=== Assigned task ===
Reproduce only the lines below from the line containing "Time for the" to the line containing "6 Best Ring", exactly as written, with both end lines kept. Omit the pictures.

=== Data to use ===
┏━━
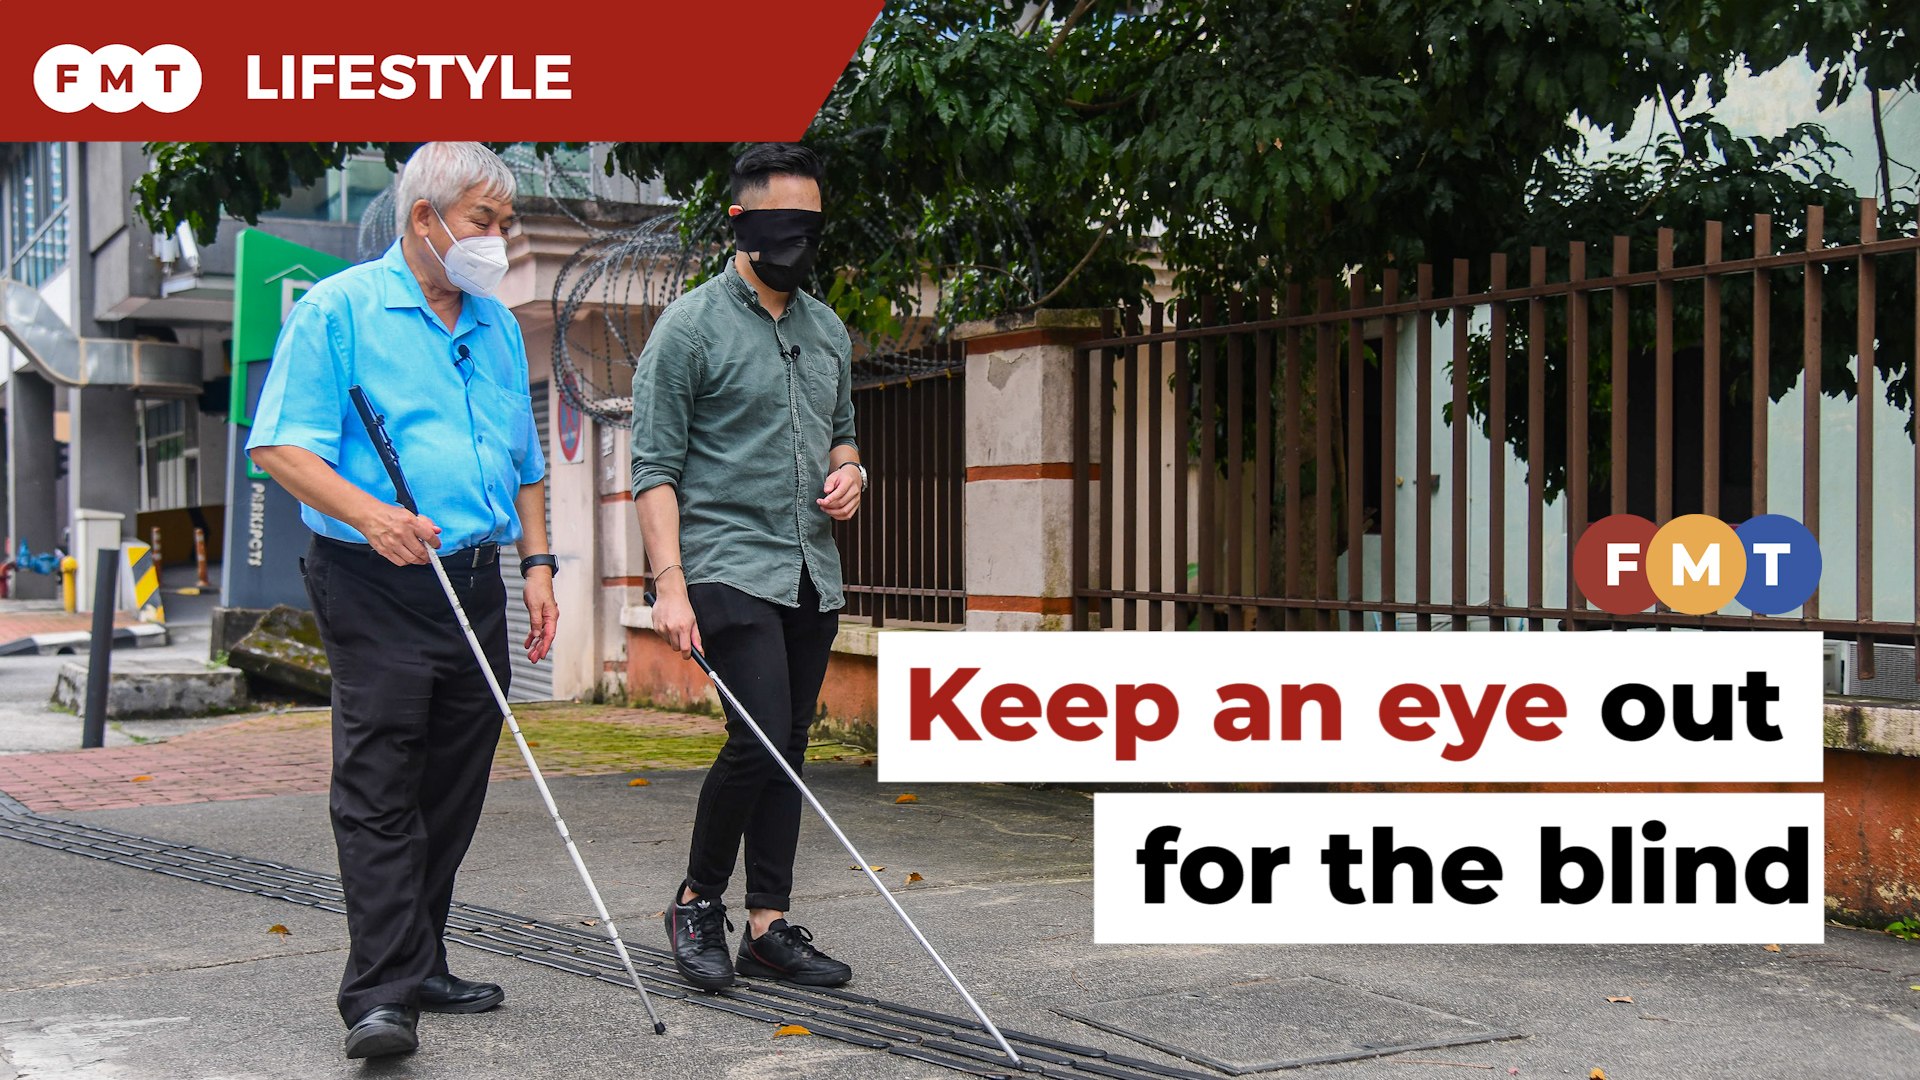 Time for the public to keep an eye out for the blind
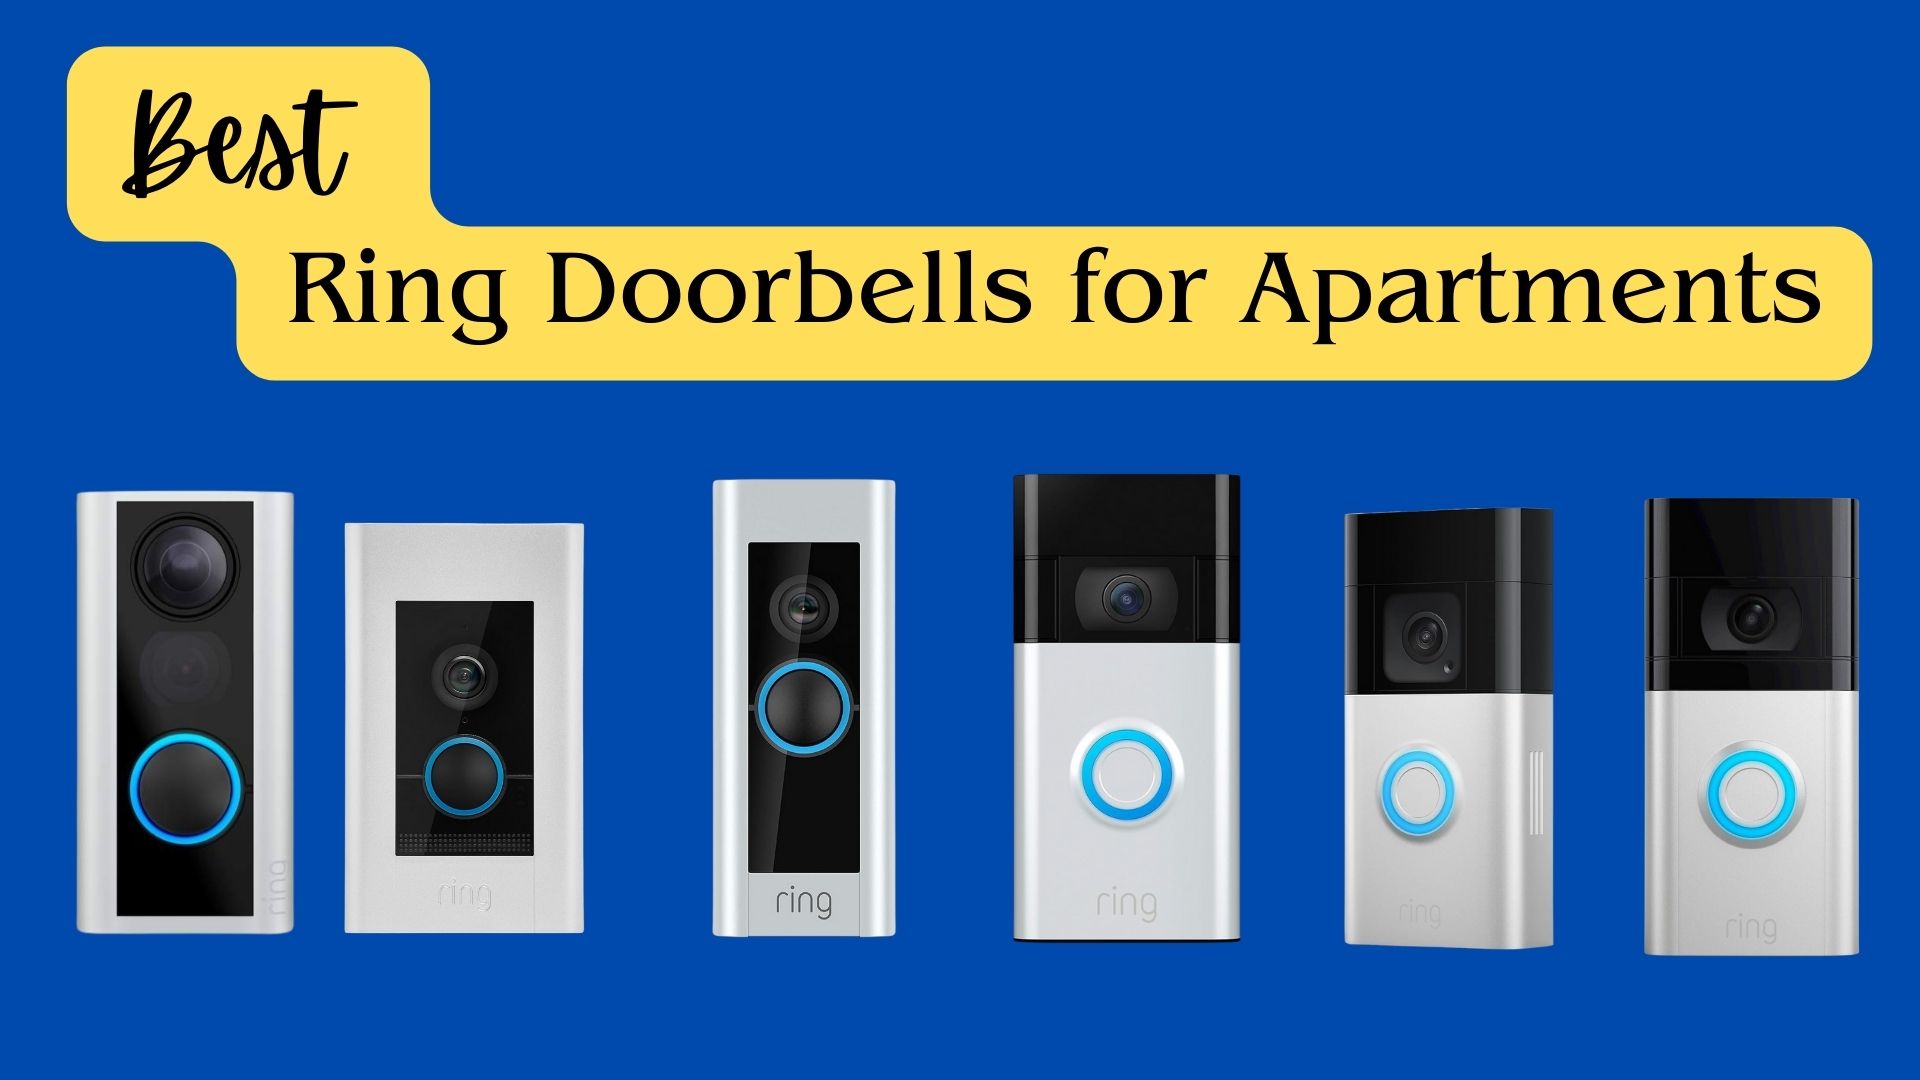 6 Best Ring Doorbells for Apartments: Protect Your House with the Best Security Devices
┗━━
┏━━
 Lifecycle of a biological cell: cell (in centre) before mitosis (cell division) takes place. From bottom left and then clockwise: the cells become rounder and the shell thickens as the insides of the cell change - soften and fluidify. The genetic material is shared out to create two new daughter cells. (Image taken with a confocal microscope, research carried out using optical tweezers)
┗━━
=== Worked solution ===
 Time for the public to keep an eye out for the blind
 6 Best Ring Doorbells for Apartments: Protect Your House with the Best Security Devices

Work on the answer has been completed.